The gallery space is arranged so that there are three ‘separate’ bodies of work, although all interrelate, both formally and conceptually: one wall is playing with notions of self portraiture, with irony and self deprecating humour (and wonderful titles like ‘Analog Input’, or ‘New creep aka “dear ravergirrrl69, your moustache is showing’), another is more playing upon notions of fables and stories we’re told as children but ‘updated’ in a way, such as with Alpha Male, of two tweenish boys in a fight (one getting the worse of it) but with both wearing masks / helmets of horned skulls, possibly deer like: the brutality and “groupthink” of youth is clear in these almost Aesop fables – like images that wouldn’t make it into any of the sanitized anthologies we have now (‘Canadian Survival : Goose Harvest’ with its brightly coloured and – do I dare say it? almost candy like and tastey looking entrails…..) . There is always a playful aspect to Francis’ work, but it’s a sense of play like we might see in children pulling the wings off of flies: there are clearly “winners” and “losers” in the child like world that Francis cites, and if you had a childhood like most of us, you have no doubt about what group is which, and who needs to fear the mob, and who leads it. I always love when people talk about the innate goodness of children, when I would cite Robertson Davies in World of Wonders, when one of his characters says he lacks the courage to explore the evil of children…one might say they don’t know any better, hah. This may be why, to paraphrase Camille Paglia from Sexual Personae, I agree that de Sade is a more exact social philosopher than Rousseau – let’s not pretend that we’re good, naturally, without effort, and its too easy to blame it on civilization, as the latter does: or I’d refer you to the 120 Days of Sodom, and how de Sade’s villains are the General, the Bishop, and others whom all have their appropriate “masks” of civility…that may or may not be skulls, horned, and like the ones worn by Francis’ cast of characters.

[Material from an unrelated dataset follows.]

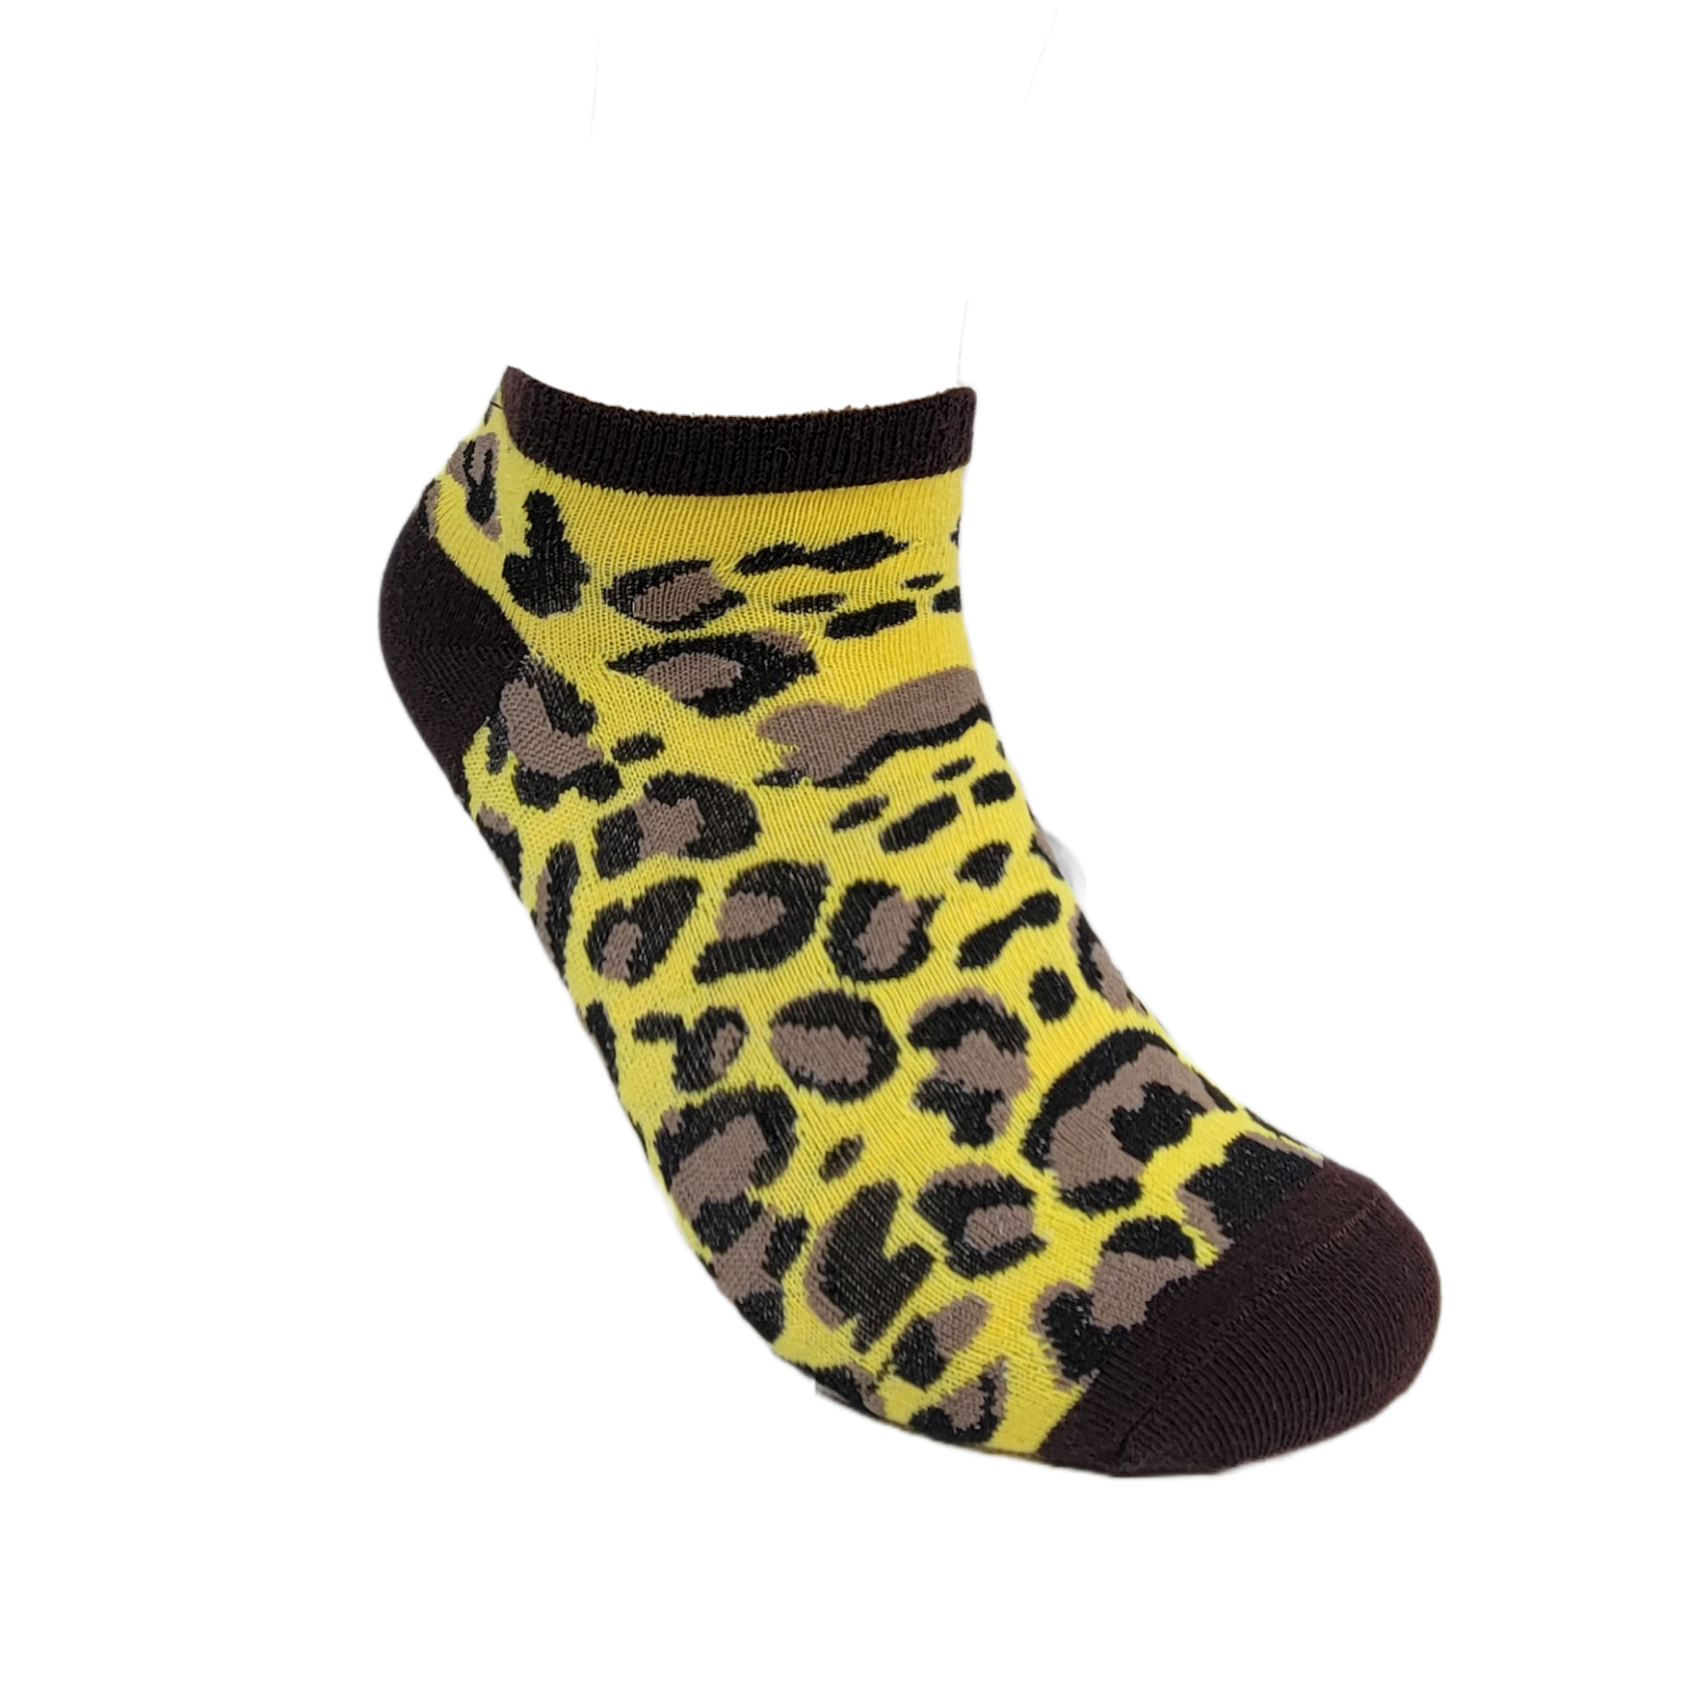 Animal Print Ankle Socks (Adult Medium)

This is smart, engaging work, well executed, and it gives me hope for the Saskatoon arts community not just because of that, but also because this is not an uncommon thing, to see, whether in the Frances Morrison Gallery or in other places around the city: a young, “emerging” artist showing work, getting their art out there, and not letting the calcification or pandering of the larger community prevent this.